Personally I would have preferred the default behaviour of dbuild to put
object files in an /obj subdirectory and the final exe in the original
directory dbuild is run from.
This way, it could be run from a root directory, operate on a /src
subdirectory, and not clutter up the source with object files. There is
a switch for that, of course, but I can't imagine when you would want
object files sitting in the same directory as the source.
Well, as first impressions go, I was pleased by D, and am interested to
see how well it fares as time goes on. Its just a shame that all the
tools/library/IDE is all in C++!
Thanks,
Geoff
↑ ↓ ← → "Jarrett Billingsley" <kb3ctd2 yahoo.com> writes:
"Geoff Carlton" <gcarlton iinet.net.au> wrote in message
news:efhp1r$1r9s$1 digitaldaemon.com...
Hi,
I'm a C++ user who's just tried D and I wanted to give my first
impressions. I can't really justify moving any of my codebase over to
D, so I wrote a quick tool to parse a dictionary file and make a
histogram - a bit like the wc demo in the dmd package.
1.)
I was a bit underwhelmed by the syntax of char[]. I've used lua which
also has strings,functions and maps as basic primitives, so going back
to array notation seems a bit low level. Also, char[][] is not the best
start in the main() declaration. Is it a 2D array, an array of
arrays? Then there is the char[][char[]]. What a mouthful for a simple
map!
Well, now I need to find elements.. I'd use std::string's find() here, but
the wc example has all array operations. Even isalpha is done as 'a', 'z'
comparisons on an indexed array. Back to low level C stuff.
A simple alias of char[] to string would simplify the first glance code.
string x; // yep, a string
main (string[]) // an array of strings
string[string] m; // map of string to string
I believe single functions get pulled in as member functions? e.g.
find(string) can be used as string.find()? If so, it means that all the
string functionality can be added and then used naturally as member
functions on this "string" (which is really just the plain old char[] in
disguise).
They're more just syntactic sugar than member functions. You can, in fact
do this with any array type, e.g
void foo(int[] arr)
{
...
}
int[] x; x = [4, 5, 6, 7]; // bug in the new array literals ;)
x.foo();
This is a small thing, but I think it would help in terms of the mindset
of strings being a first class primitive, and clear up simple "hello
world" examples at the same time. Put simply, every modern language has
a first class string primitive type, except D - at least in terms of
nomenclature.
It does look nicer. I suppose the counterargument would be that having an
alias char[] string might not be portable -- what about wchar[] and dchar[]?
Would they be wstring and dstring? Or would we choose wchar[] or dchar[] to
be string to be more forward-thinking (since languages like Java and C#
already use UTF-16 as the default string type)?
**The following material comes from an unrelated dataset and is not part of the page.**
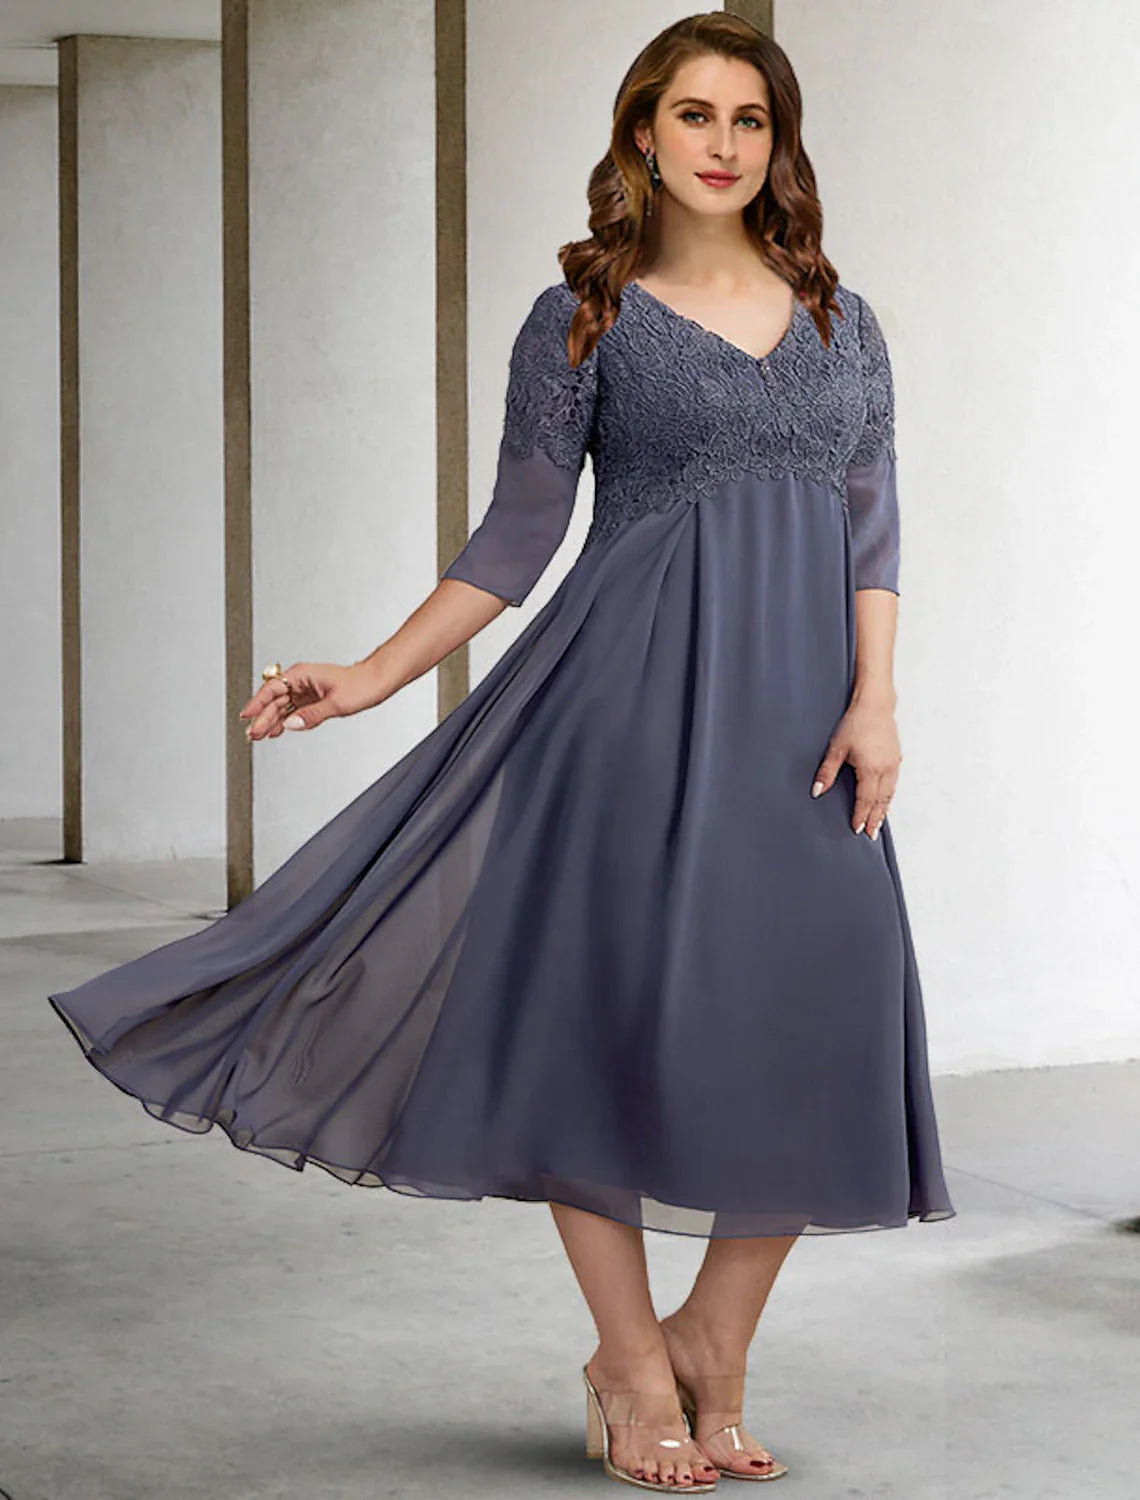 A-Line Mother of the Bride Dresses Plus Size Hide Belly Curve Elegant Dress Formal Tea Length Half Sleeve V Neck Chiffon with Buttons Appliques Fall

I've never been too incredibly put off by char[], but of course other people
have other opinions.
2.)
I liked the more powerful for loop. I'm curious is there any ability to
use delegates in the same way as lua does? I was blown away the first
time I realised how simple it was for custom iteration in lua. In short,
you write a function that returns a delegate (a closure?) that itself
returns arguments, terminating in nil.
e.g. for r in rooms_in_level(lvl) // custom function
As lua can handle multiple return arguments, it can also do a key,value
sort of thing that D can do. What a wonderful way of allowing any sort of
iteration.
Unfortunately the way Lua does "foreach" iteration is exactly the inverse of
how D does it. Lua gets an iterator and keeps calling it in the loop; D
gives the loop (the entire body!) to the iterator function, which runs the
loop. So it's something like a "true" iterator as described in the Lua
book:
level.each(function(r) print("Room: " .. r) end)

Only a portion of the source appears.